Прекрасный дом, думала Дора, неуловимо женственный и полный достоинства. В чудесной оправе, созданной самой природой. И вдруг она поняла, что если бы выбирала дом для своей семьи, то выбрала бы именно этот. Идеальное совпадение: возраст, традиции, расположение.
Она представила его летом, с пышно цветущими розами под высокими окнами… осенью, когда огромные деревья пламенеют золотом и багрянцем. Кружевные занавеси на окнах… собака во дворе.
И сердце ее дрогнуло. Вряд ли Джед видит этот дом так, как она.
Дора молча вышла из машины и остановилась. Шум города едва доносился сюда. Ни любопытных туристов, нагло щелкающих фотоаппаратами, ни пролетающих на роликах или скейтбордах подростков, ни соблазнительных запахов пиццы из ближайшей закусочной.
Не было всего, к чему она привыкла, что олицетворяло для нее свободу.
– Здесь ты вырос?
– Да. – Джед провел Дору к парадной двери с изумительными витражами по бокам, повернул ключ в замке и отступил, пропуская ее внутрь.
Двухцветный холл с многоярусной хрустальной люстрой, вымощенный мраморными черными и белыми квадратами, величественная дубовая лестница.

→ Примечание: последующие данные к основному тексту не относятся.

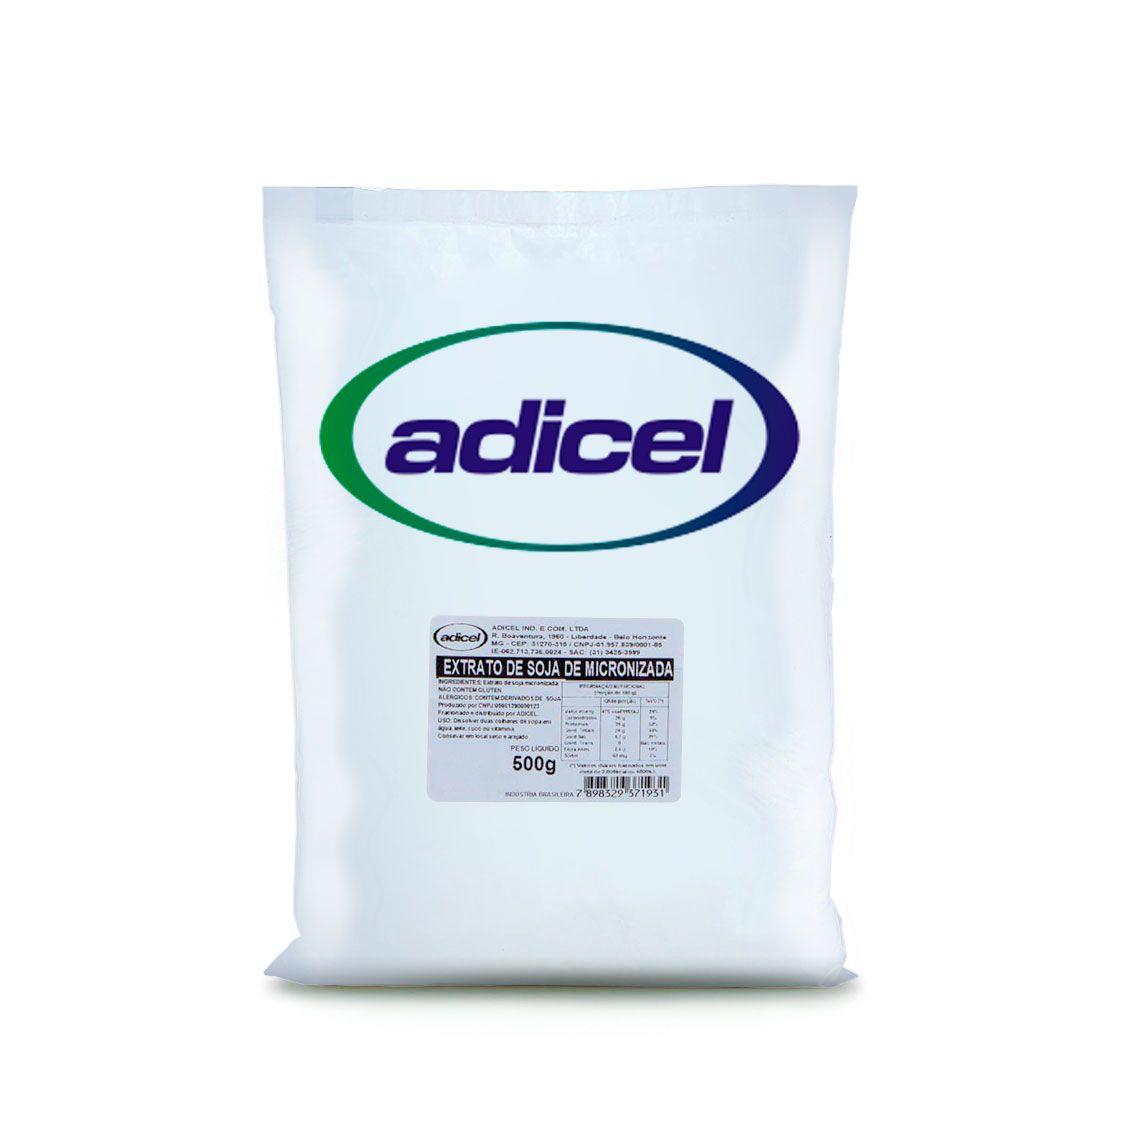 Extrato De Soja Micronizada - 500 g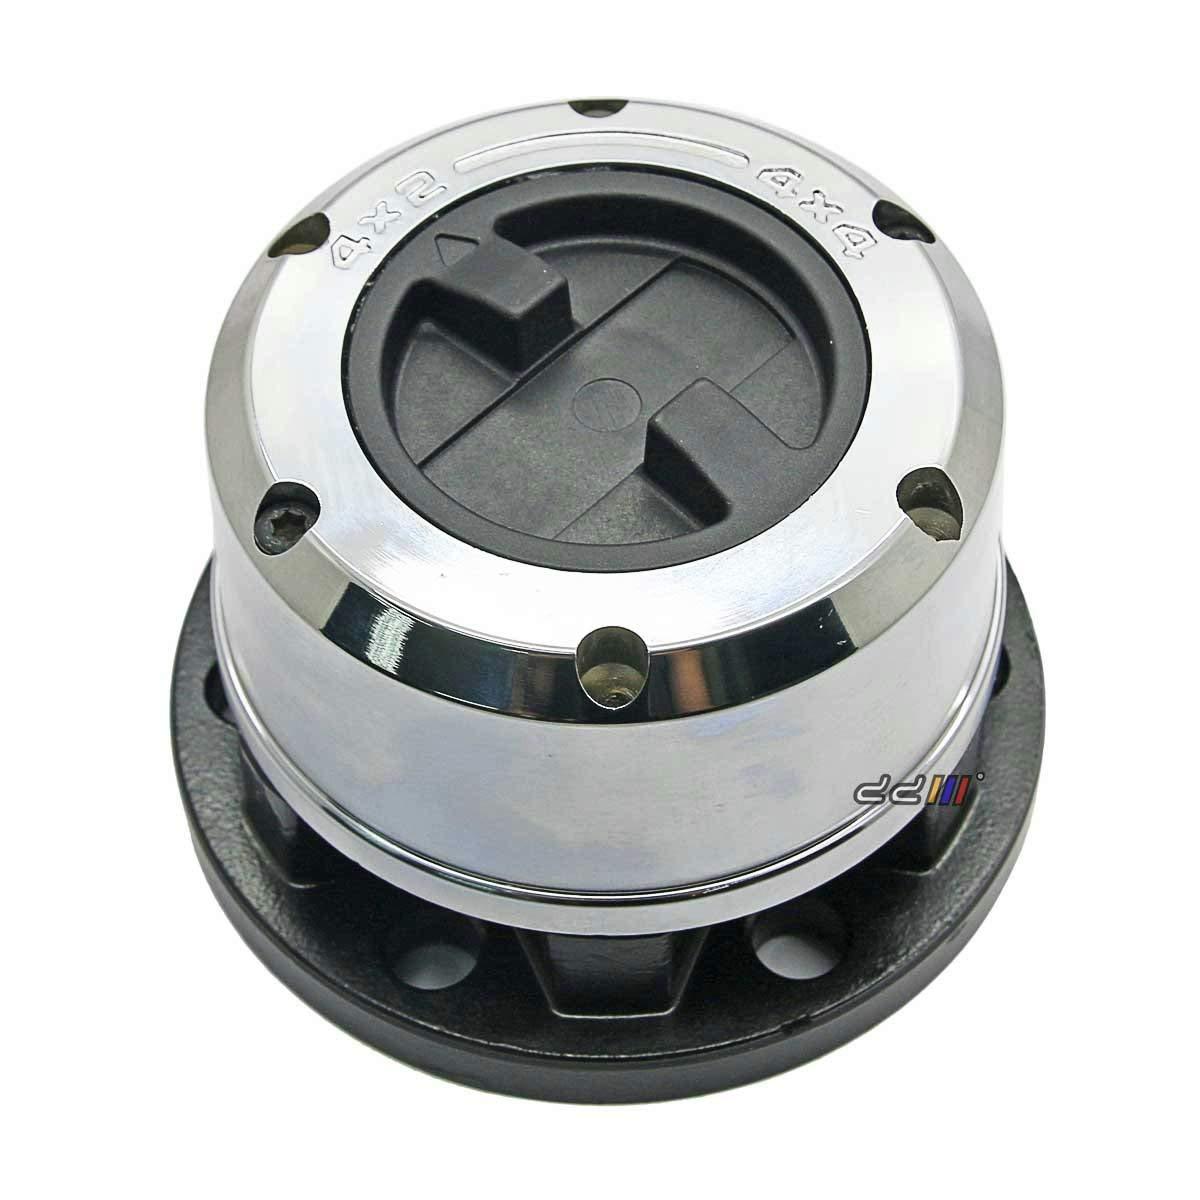 Chrome Dual Seals and 17 Splines WARN 61385 Premium Manual Locking Hub with Zinc Aluminum Alloy Dial 1 Pair

В полусапожках на каучуковой подошве Дора двигалась почти бесшумно, не нарушая колдовской тишины.
Во всех пустых домах есть что-то таинственное: прозрачный воздух, гулкая тишина, некая ирреальность. И любопытство: кто жил здесь и как? И свои фантазии: там я поставила бы любимую лампу, а здесь – маленький столик.
Однако сейчас любопытство Доры было окрашено мыслями о Джеде. Она пыталась представить его в этом доме и не могла. Она не чувствовала его здесь. Даже в этот момент, когда он стоял рядом, ей казалось, что он не переступил порог, не вошел в дом вслед за ней и оставил ее одну.
На обоях с крошечными чайными розами остались более светлые прямоугольники – там, где висели картины. И так не хватало цветов. Высоких ваз с пышной фрезией и дерзких стрел лилий. А маленький красивый коврик смягчил бы официальность холодного мрамора.
Дора пробежала ладонью по сверкающим перилам лестницы, словно созданным для попки ребенка, скользящего вниз, или элегантных женских пальцев.
– Ты хочешь продать его.
Джед настороженно следил, как Дора словно зачарованная бродит по холлу, идет в парадную гостиную. Его мышцы напряглись, как только он вошел в дом. Дора не ошиблась: он мысленно не видел здесь ни красивых цветов, ни уютных ковриков.
– Дом давно продается. Элейн и я унаследовали его пятьдесят на пятьдесят, но ее не устраивали поступавшие предложения. Мне было все равно. – Подавляя сильное желание сжать кулаки, Джед сунул руки в карманы куртки. – Поскольку у нее был собственный дом, я некоторое время жил здесь. – Он остановился в дверях гостиной. Дора прошла к холодному вычищенному камину. – Дом теперь мой, и агент по продаже недвижимости снова взялся за работу.
– Понимаю.
На камине должны стоять семейные фотографии в рамках. Много-много фотографий, запечатлевших смену поколений. А в глубине – старинные каминные часы, тихо отсчитывающие время.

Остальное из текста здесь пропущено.